I haven’t said much of late about much of anything, but especially not about the Dane County Farmer’s Market–but I don’t want you to think this is because we haven’t been going. Yes, it’s moved indoors, and no, they don’t sell spinach and cheese empanadas or market buns or breakfast pasties at the indoor site (they do have Cafe Fair coffee though, which we enjoy so much we were on the news about it*). But they do sell the many sturdy vegetables that are hanging in there this balmy November, plus apples, pears, popcorn, meats of all sorts, cheese (always, always cheese) and some lovely looking plants. This being Madison, it is all accompanied by minstrels with lutes. It is bustling and nosy and completely without order and I really like it.
That is where I discovered this:
It’s called Romanesco Broccoli. (Follow link for much more awesome photo.) I had never seen it in my life, but being a devoted opponent of broccoli in whatever form, I was immediately against it in principle as well as in practice. Josh wanted to bring it home. And it was his turn to chose a vegetable. Next thing I know there was a fractal in my market bag.
I hid it in the far back of the crisper drawer where it couldn’t hurt anyone. I covered it up with leafy greens and celery and figured we could pretend the whole thing had never happened. But Josh kept asking. Where’s the romanesco broccoli? When are we eating the romanesco broccoli?
Finally last night I took a knife to the damn thing. The florets went into a simmering pot of water for five minutes, then into a lightly oiled saute pan over high heat with hot pepper flakes and salt for three or four minutes, until some brownness appeared. I served it up with some RP’s fresh pasta and panko-fied fish. Here’s how it looked:
Guess what? It tastes awesome. Nothing like broccoli with its hairy spores roughing up the inside of your mouth and filling your nose with its noxious odor.

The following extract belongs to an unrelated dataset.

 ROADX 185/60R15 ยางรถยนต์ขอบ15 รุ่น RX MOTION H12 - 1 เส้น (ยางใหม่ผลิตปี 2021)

Milder, like cauliflower, only with some actual flavor. I daresay it would be a grand Thanksgiving side, being easy to prepare outside of an oven and having some actual nutritional value.
Myself, I’m going to buy it all up at the next market, eat it every day for a week, and call that my total broccoli intake for the next 12 months.
PS: If you scroll back up to the picture of the uncooked broccoli, you’ll see in the background a few important kitchen implements we keep always at the ready at our house. They are, in order from left to right, salt, pepper, vitamins, goblin bottle, and novelty exploding snake can.
(It’s a bottle of goblins, exactly as it sounds.)
*Not that being on the news bears mentioning, as it happens to us so often we are becoming Minor Local Celebrities.